Gibt es dafür Tools, die irgendwie die Änderungen am Code nachvollziehbar machen und sich somit nachträglich anschauen lassen, falls man nochmal was braucht?

Vielleicht gibt es dafür ja sogar ein Netbeans Plugin?

Danke


----------



## njans (2. Sep 2011)

Versionsverwaltung im Allgemeinen?
Oder wie genau stellst du dir das vor? 
Praktisch ne history von jedem Buchstaben, den du getippt hast oder nur von "fertigen" Versionen deines Codes?


----------



## membersound (2. Sep 2011)

Ne, ich mein eher von fertigen Versionen. So dass man zB nachvollziehen kann, was von einem zum anderen Tag alles geändert wurde.


----------



## TheDarkRose (2. Sep 2011)

Such dir eine Versionsverwaltung deiner Wahl aus.
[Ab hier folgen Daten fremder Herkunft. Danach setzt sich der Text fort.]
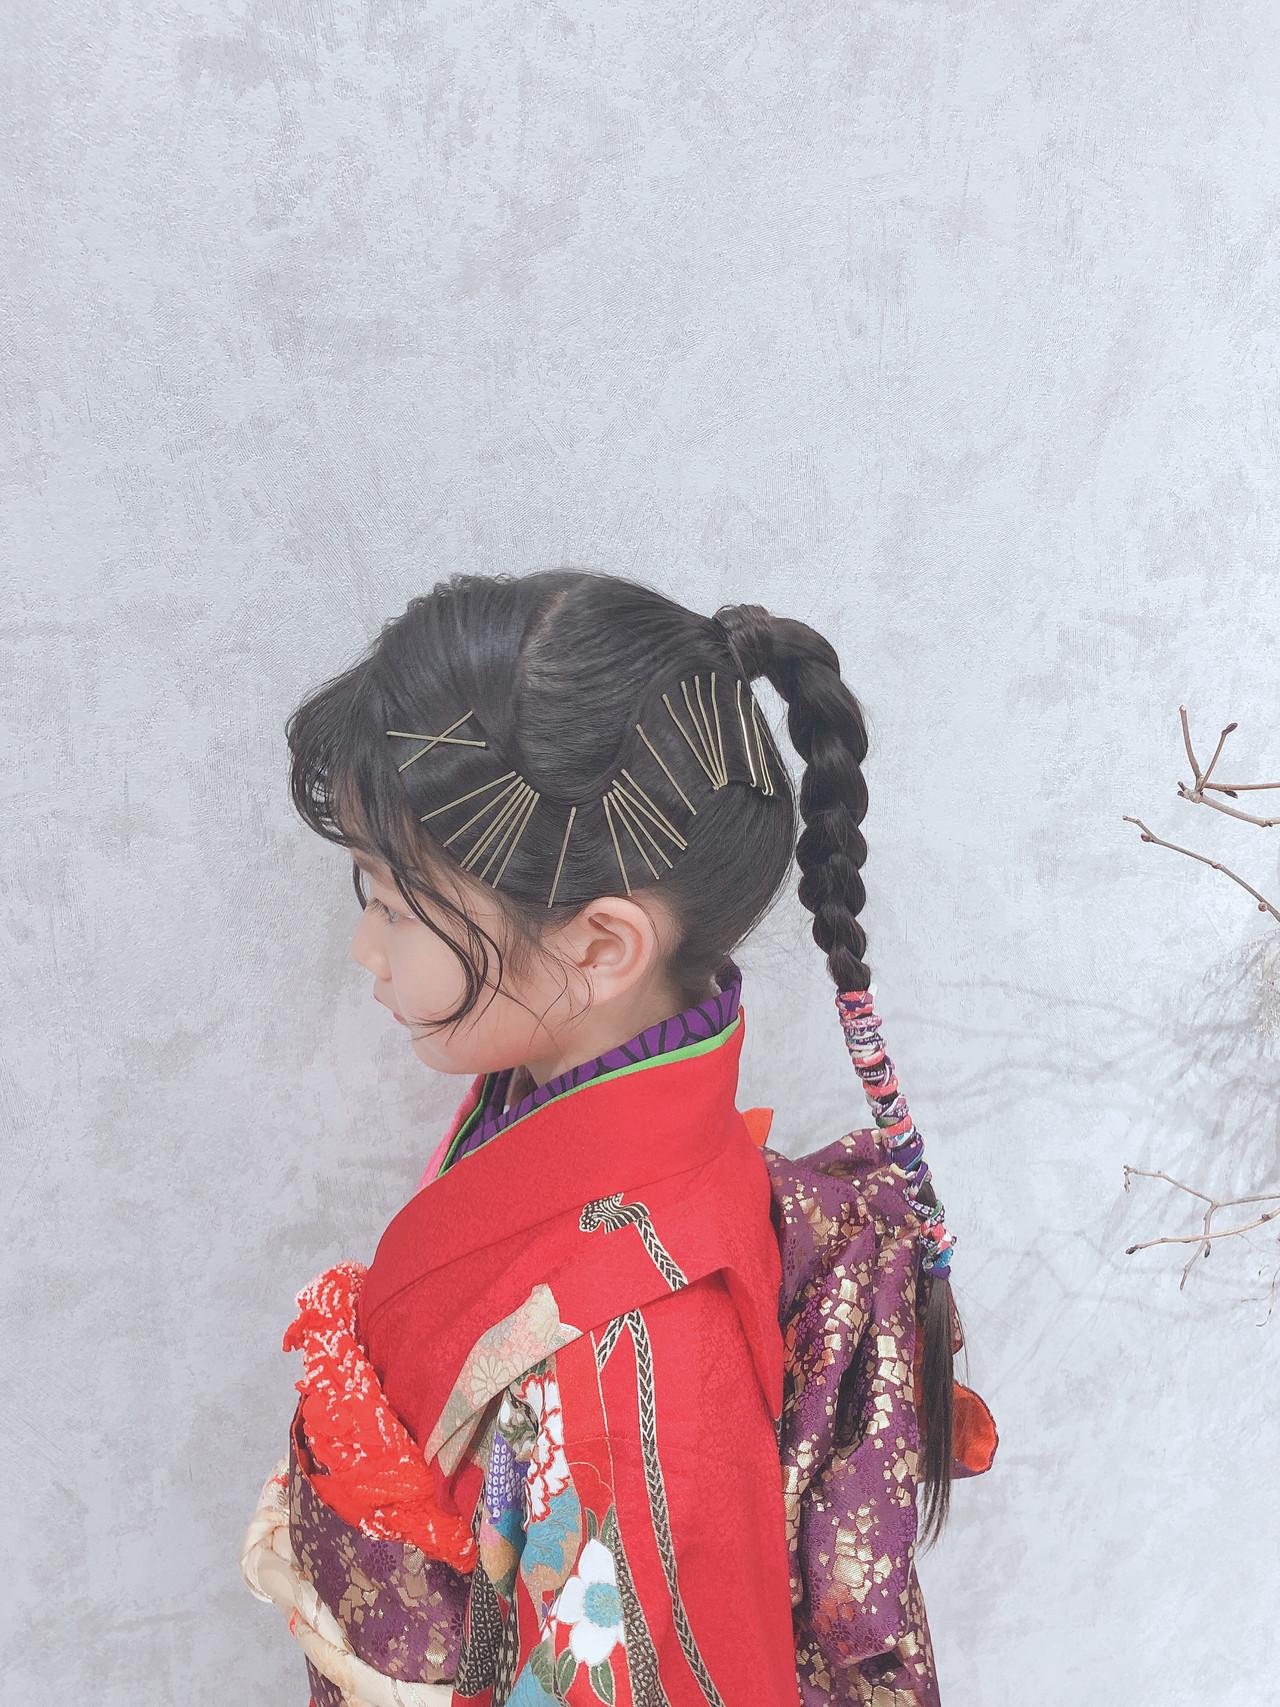 ポニーテール キッズ モード ヘアアレンジ ヘアスタイルや髪型の写真・画像
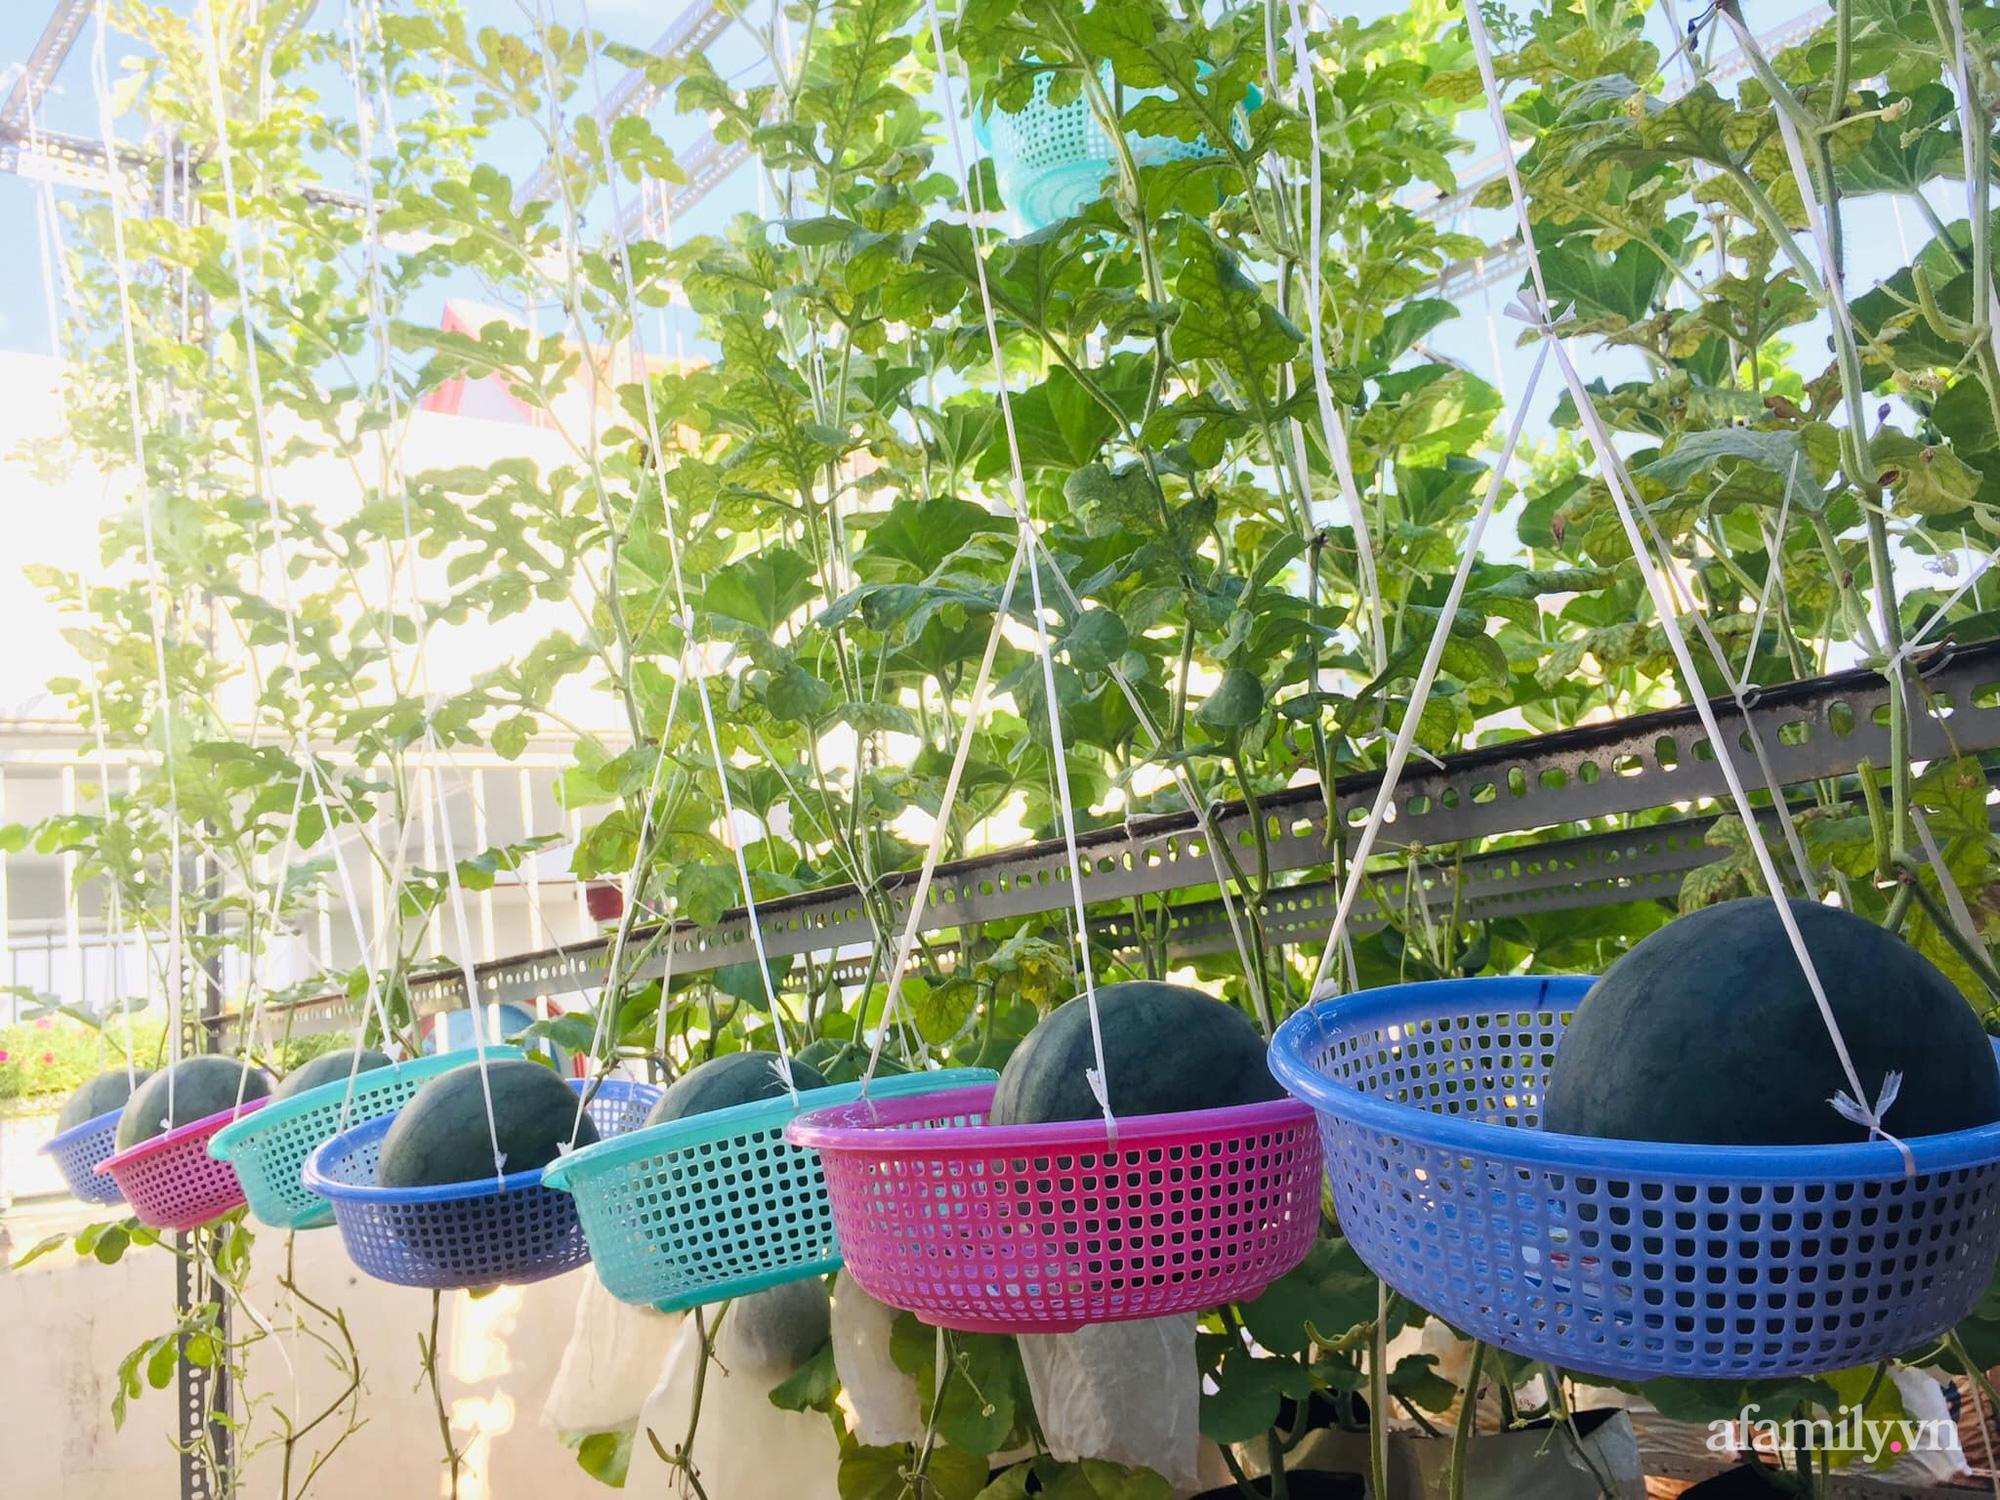 Ghé thăm sân thượng thu hoạch cả tạ dưa đủ loại của người phụ nữ đảm đang ở quận 6, Sài Gòn - Ảnh 5.

Git, Svn, ...


----------



## musiKk (2. Sep 2011)

Davon abgesehen hat Eclipse eine "local history". Das ist wie eine eingebaute automatische Versionsverwaltung. Vielleicht hat Netbeans das auch. Bisher habe ich das allerdings nie verwendet und eher für den Notfall angesehen. Eine Versionsverwaltung à la SVN oder Git kann das nicht ersetzen. Inzwischen würde ich zu Git raten, aber man sollte beide mal bedient haben.


----------



## TheDarkRose (2. Sep 2011)

Git hat auch halt den Vorteil, es ist sofort ein lokales Repo eingerichtet ohne irgendwie was extrig zu machen.


----------